### Instructions to follow
Using the data below, restate exactly every line from the one with "Фумигатор+жидкость от комаров" up to and including the one with "Upturned Table". No picture belongs in it.

### Data to process
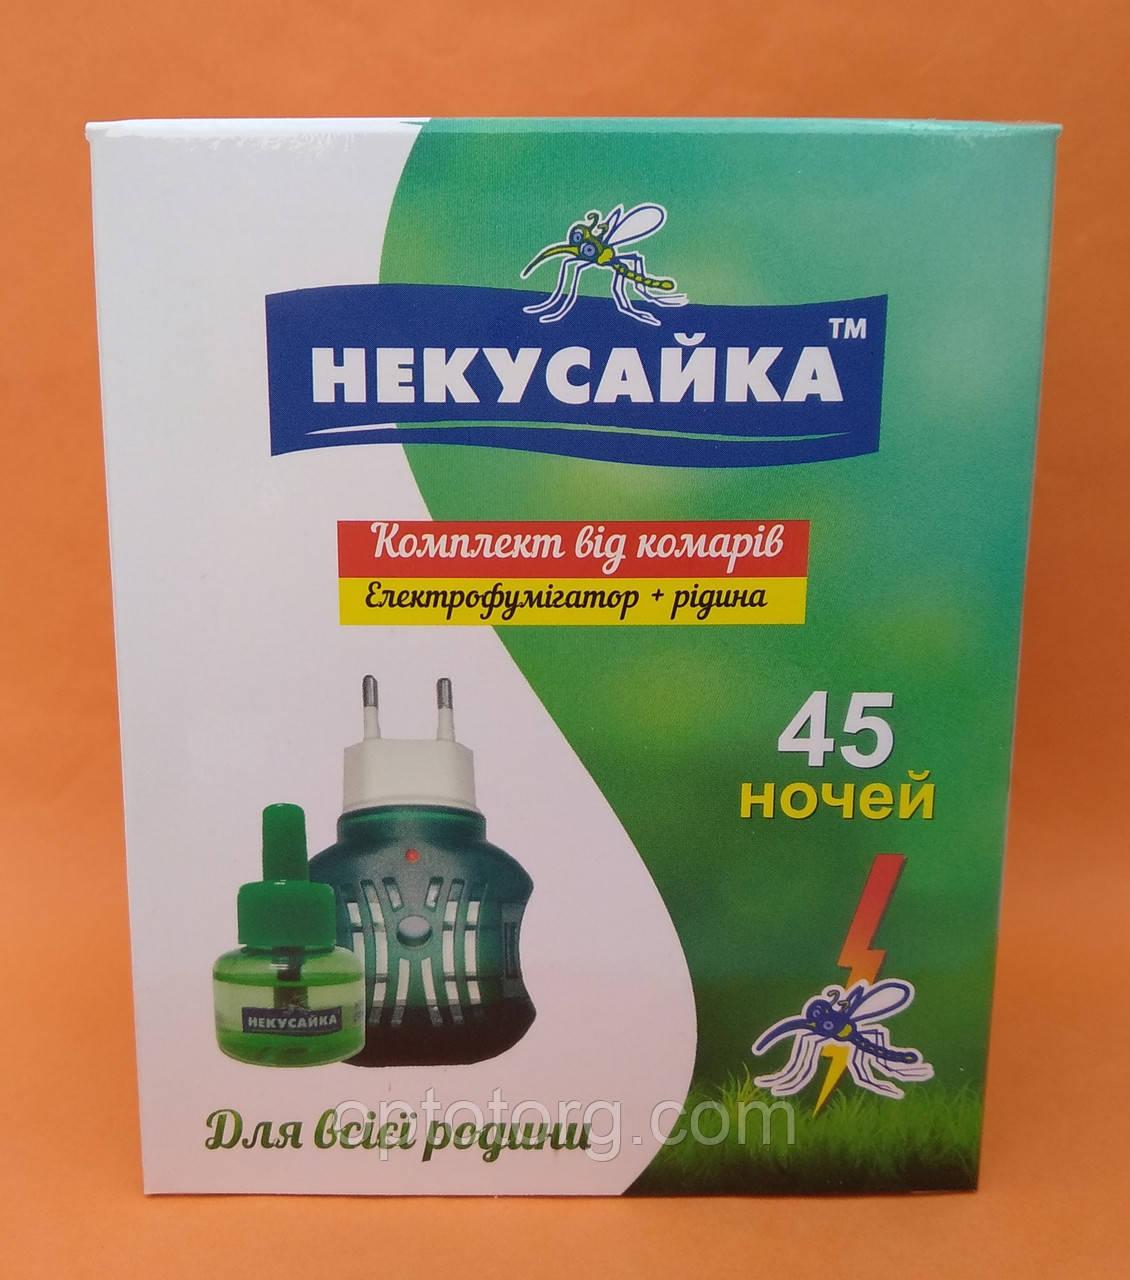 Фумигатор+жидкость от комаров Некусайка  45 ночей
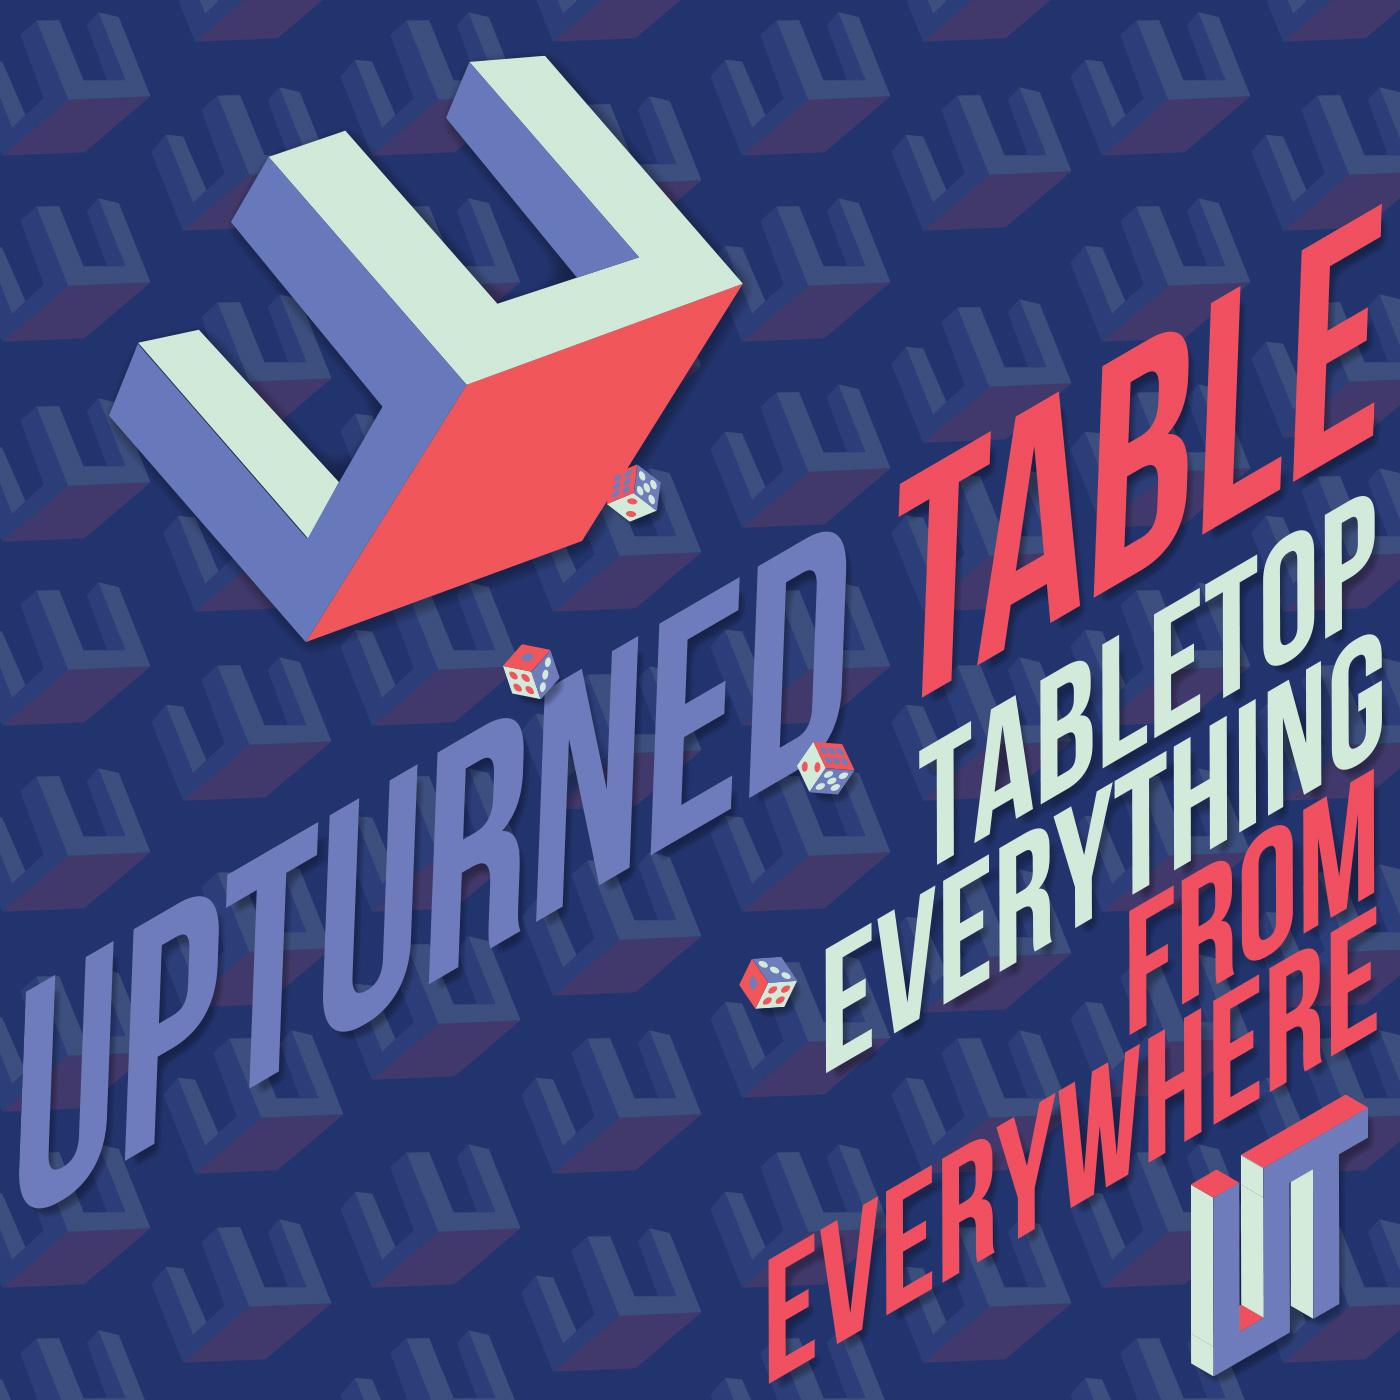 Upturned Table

--

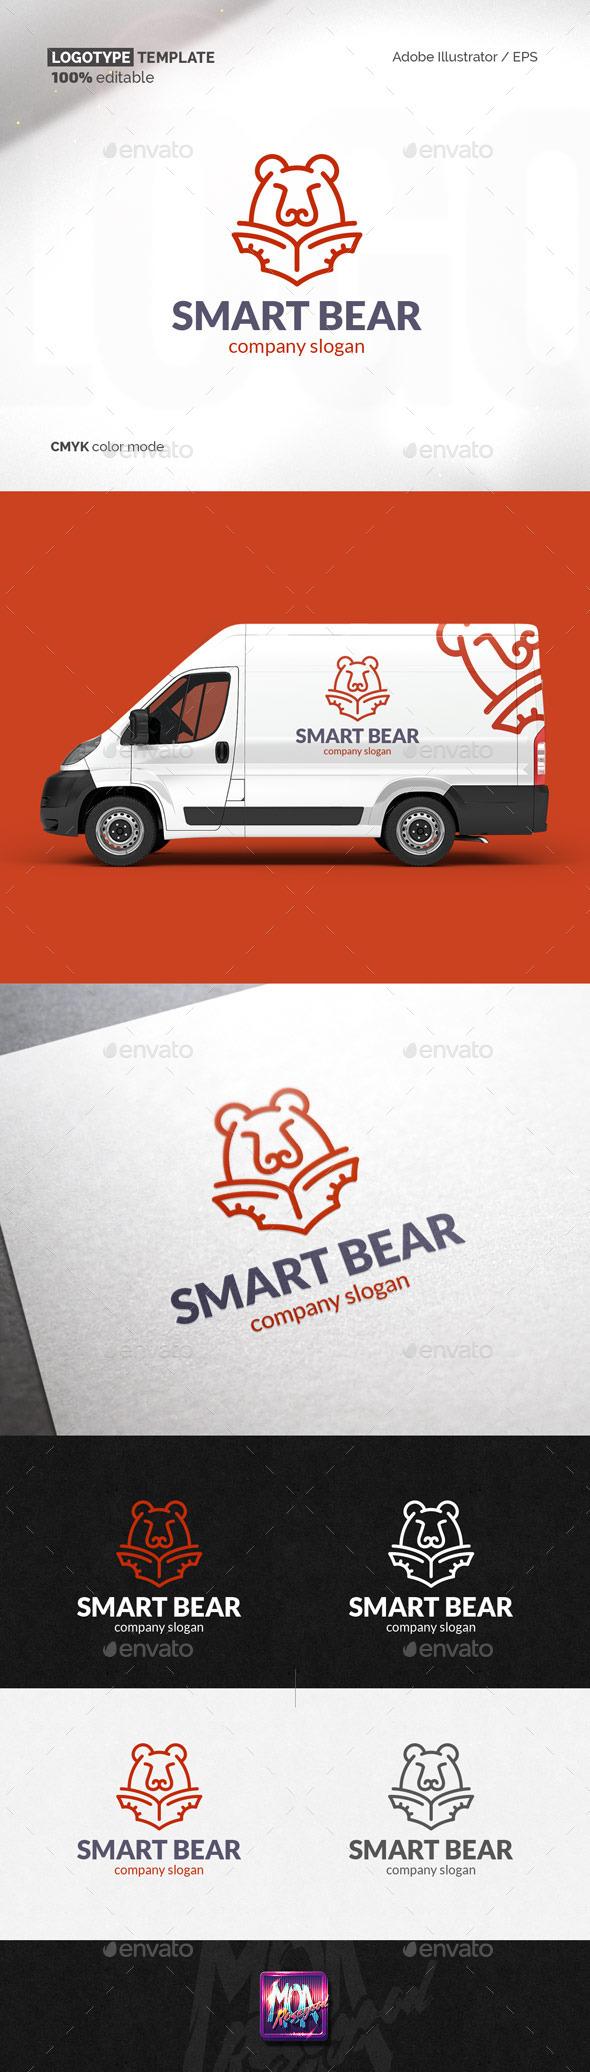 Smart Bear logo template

--

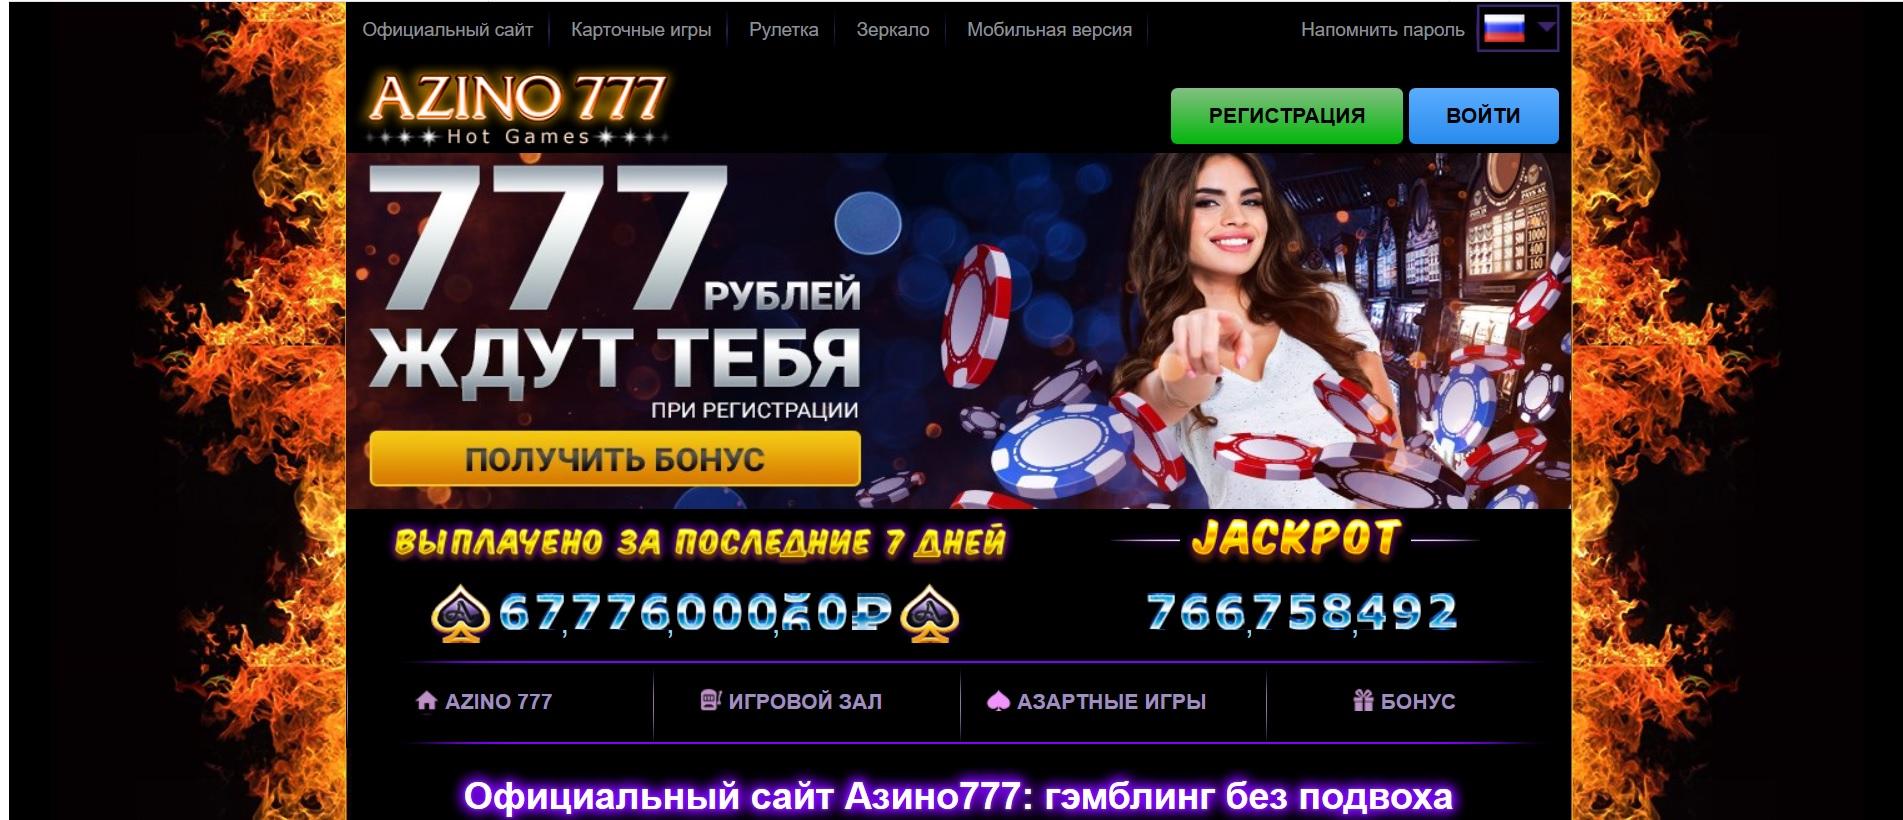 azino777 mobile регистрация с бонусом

### Solution to this exercise
 Фумигатор+жидкость от комаров Некусайка  45 ночей
 Upturned Table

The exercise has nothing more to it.